The ENRICHER method which followed is is underpinned by these set of values

The ENRICHER method for human machine symbiotics & smart data: A socially responsible approach to the intelligent augmentation of knowledge work.

  1. Ethos Centric: ethos of development continuously revisited and reviewed. Important to articulate and rearticulate core values of development.
  2. eNgagement as an Outcome: Shift from “why are we doing this” questions to “how are we engaging together on this” question.
  3. Reuse Machine Knowledge: Reuse and extending existing knowledge models rather than predefining total schema where possible before implementing.
  4. Insights from Context: Derive technology to fit the context—of-tacit-knowledge-use. Means acquiring an understanding of knowledge-in-action to drive software creation and technology development.
  5. Co-evolution: co-evolve the methodology and the technology with all participants.

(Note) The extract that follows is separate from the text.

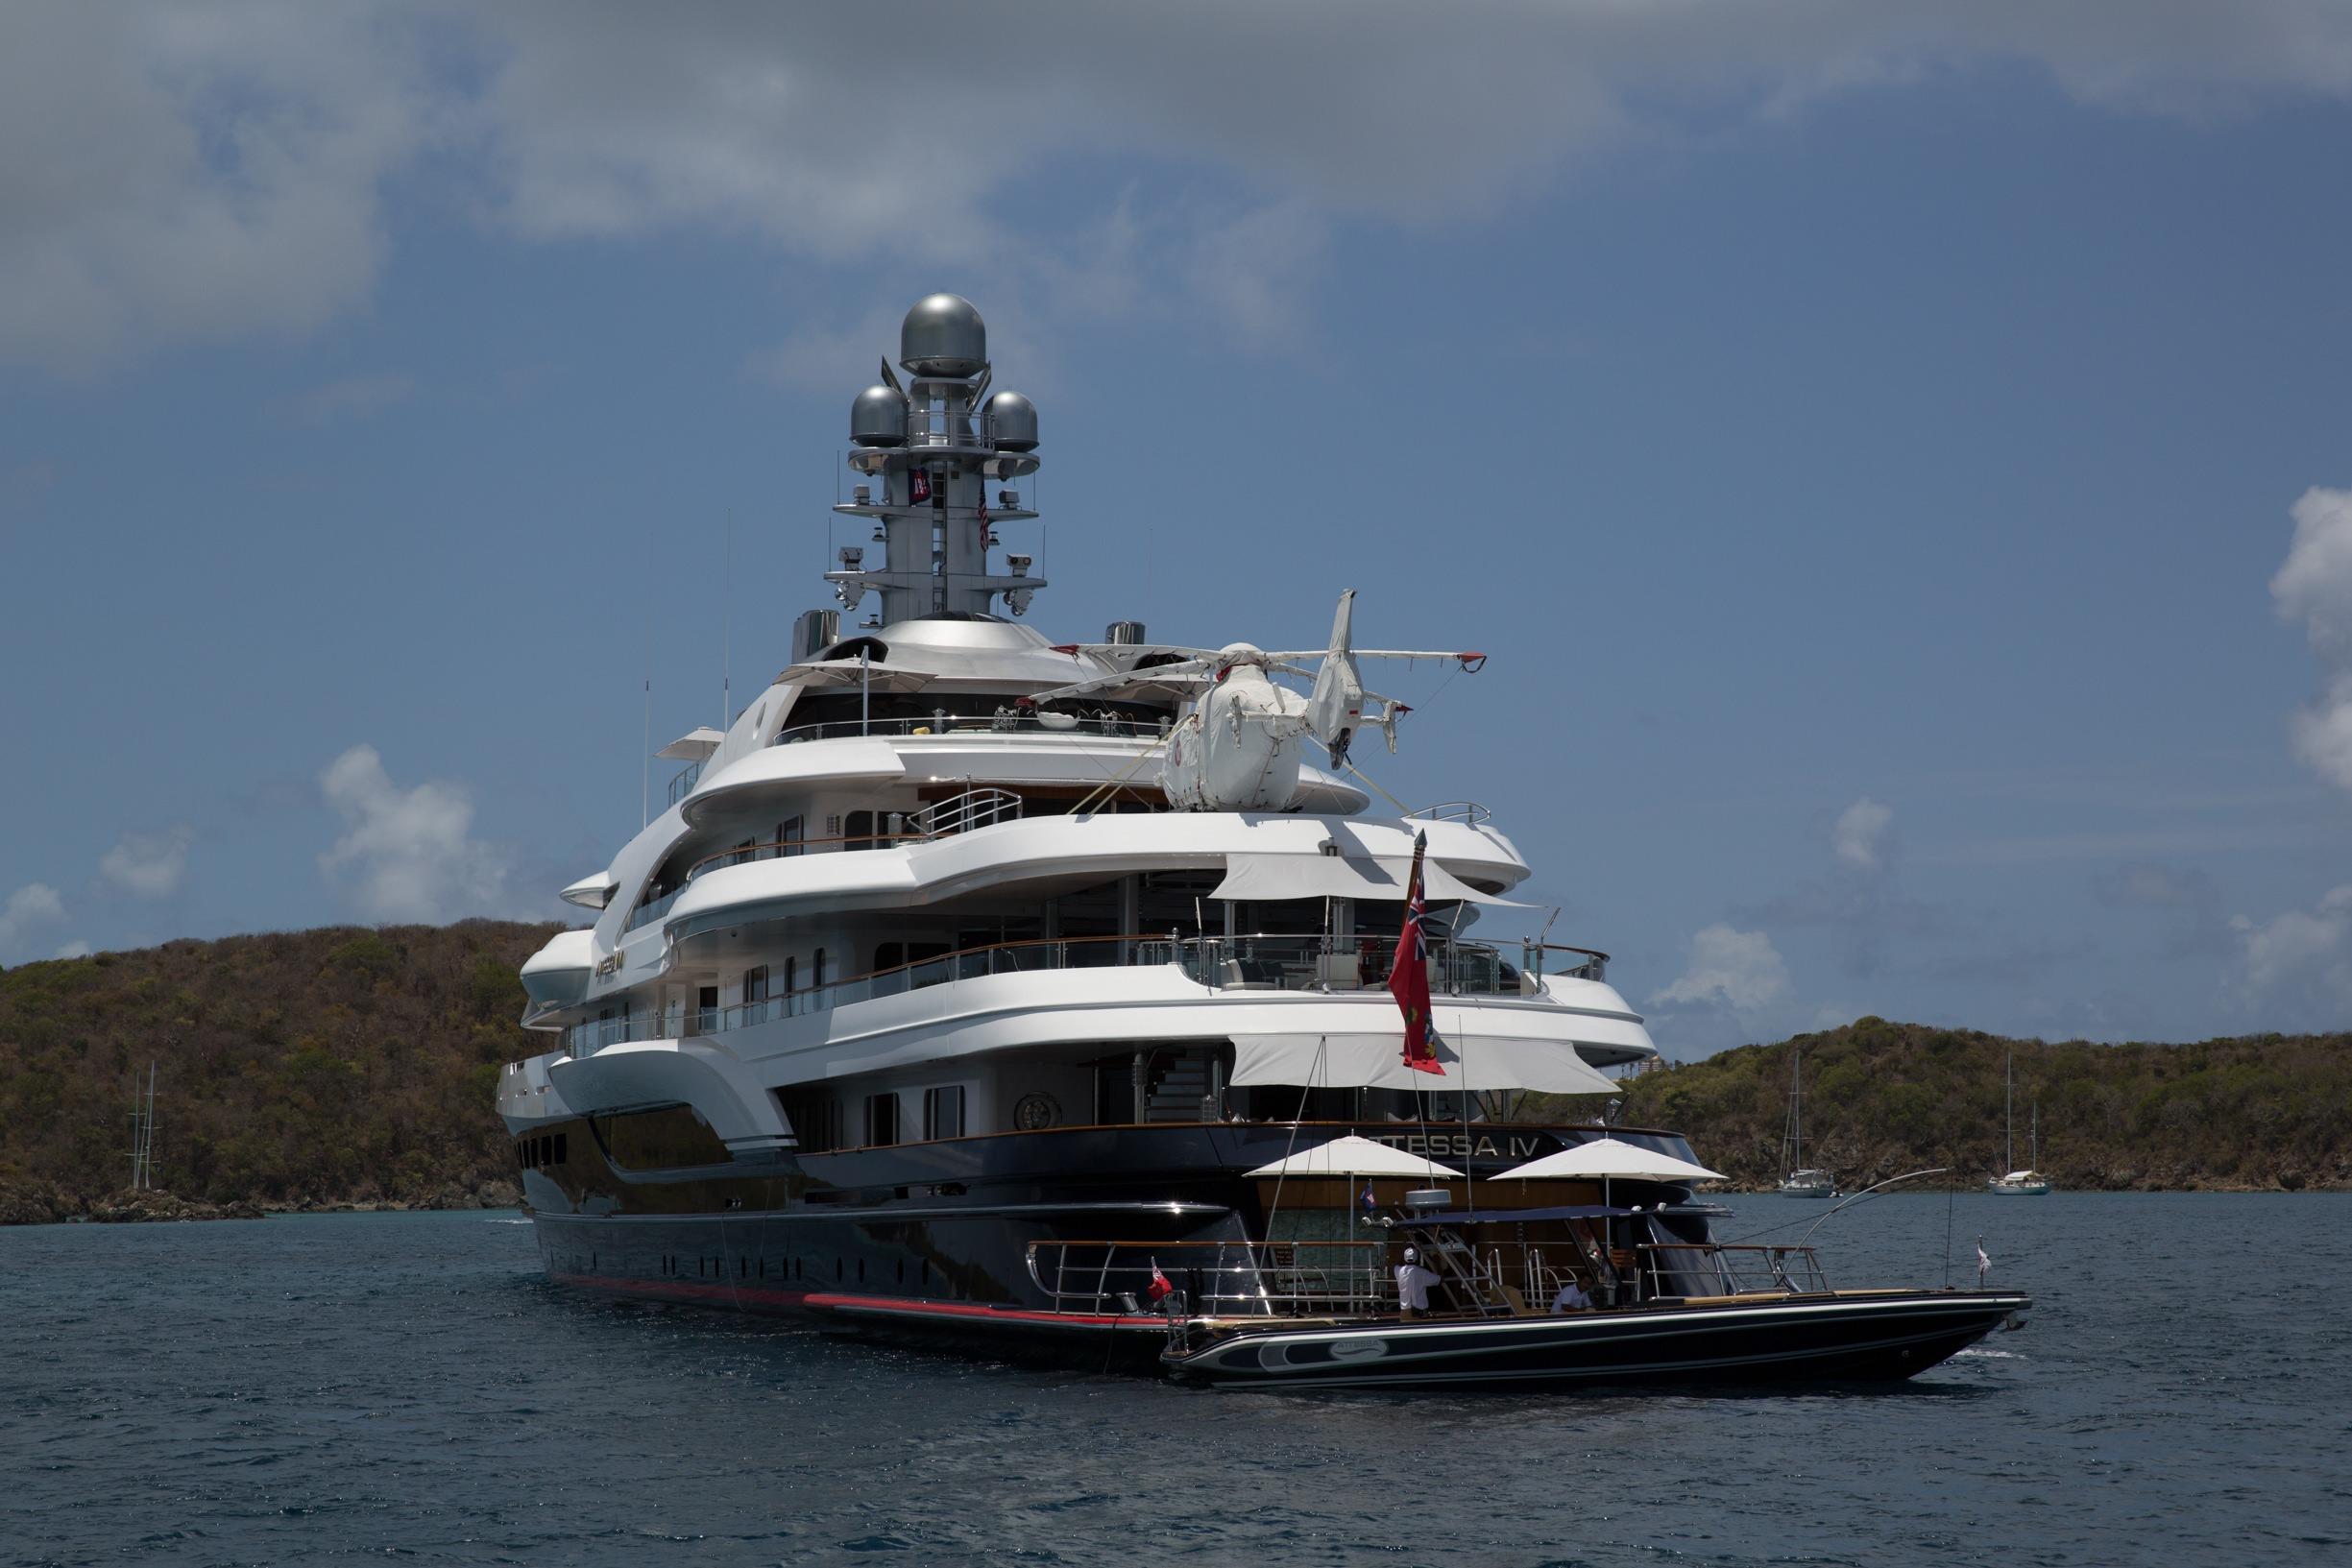 Superyacht Attessa Iv

Also, co-evolve and reshape work-technology symbiotic relationship.
  6. Hospitality: Technology “guest” invited into the work context, otherwise not deployed.
  7. Expressiveness: Semantics emphasise expressiveness of the machine model rather than processing efficiency and technical capability (which come later).
  8. Reverse Engineer and Extend Semantic Model: Constantly reverse engineer from data and metadata resources and standards as a way of building the knowledge model, extending the model and integrating the resources semantically.